Tag Archives: TBTF

Agreeing on the Problem

By James Kwak

Over the past month, Simon and I have become very closely associated with the Brown-Kaufman amendment to break up big banks, and that’s an association I welcome, especially given the last chapter of 13 Bankers. The fact that the amendment came from basically nowhere and got thirty-three votes in the Senate is, to me, an encouraging sign.
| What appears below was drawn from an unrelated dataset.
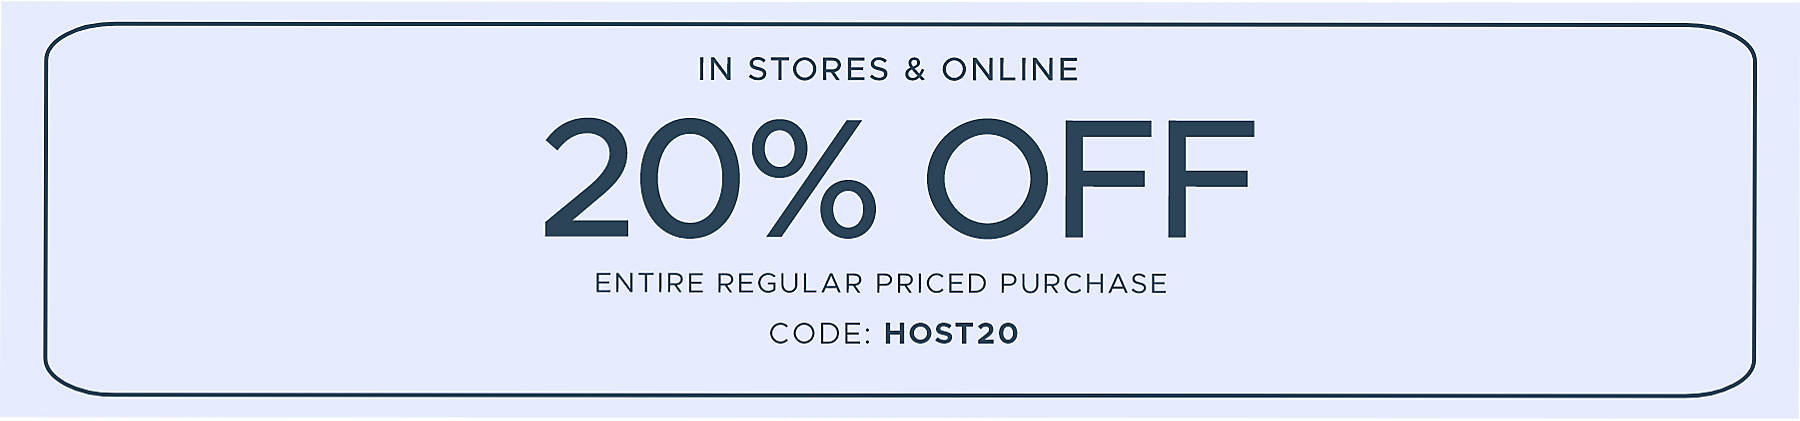 In Stores & Online 20% off entire regular priced purchase code: HOST20

But while this solution looks like it is unlikely to pass in this session of Congress — and there is debate about whether it is the right solution to begin with — the more encouraging sign is the amount of agreement on the problem to be solved: a financial system that is too big, too concentrated, and too powerful.

I wrote a guest post for the Harvard Law School Forum on Corporate Governance and Financial Regulation, a group blog, on this broader issue and some of the other solutions that have been floated. As we’ve said many times, as long as debate moves in this direction, that’s progress.

The Oracle of Kansas City

By James Kwak

Many of you have probably already seen Shahien Nasiripour’s interview with Thomas Hoenig, president of the Federal Reserve Bank of Kansas City and the most prominent advocate of simply breaking up big banks. (Paul Volcker is more prominent, but his views are more nuanced; the famous Volcker limit on bank size, it turns out, would not affect any existing banks, at least as interpreted by the Treasury Department.) It largely elaborates on Hoenig’s positions that we’ve previously applauded in this blog, so I’ll just jump to the direct quotations:

On megabanks:

“I think they should be broken up. . . . We’ve provided this support and allowed Too Big To Fail and that subsidy, so that they’ve become larger than I think they otherwise would. I think by breaking them up, the market itself would begin to help tell you what the right size was over time.”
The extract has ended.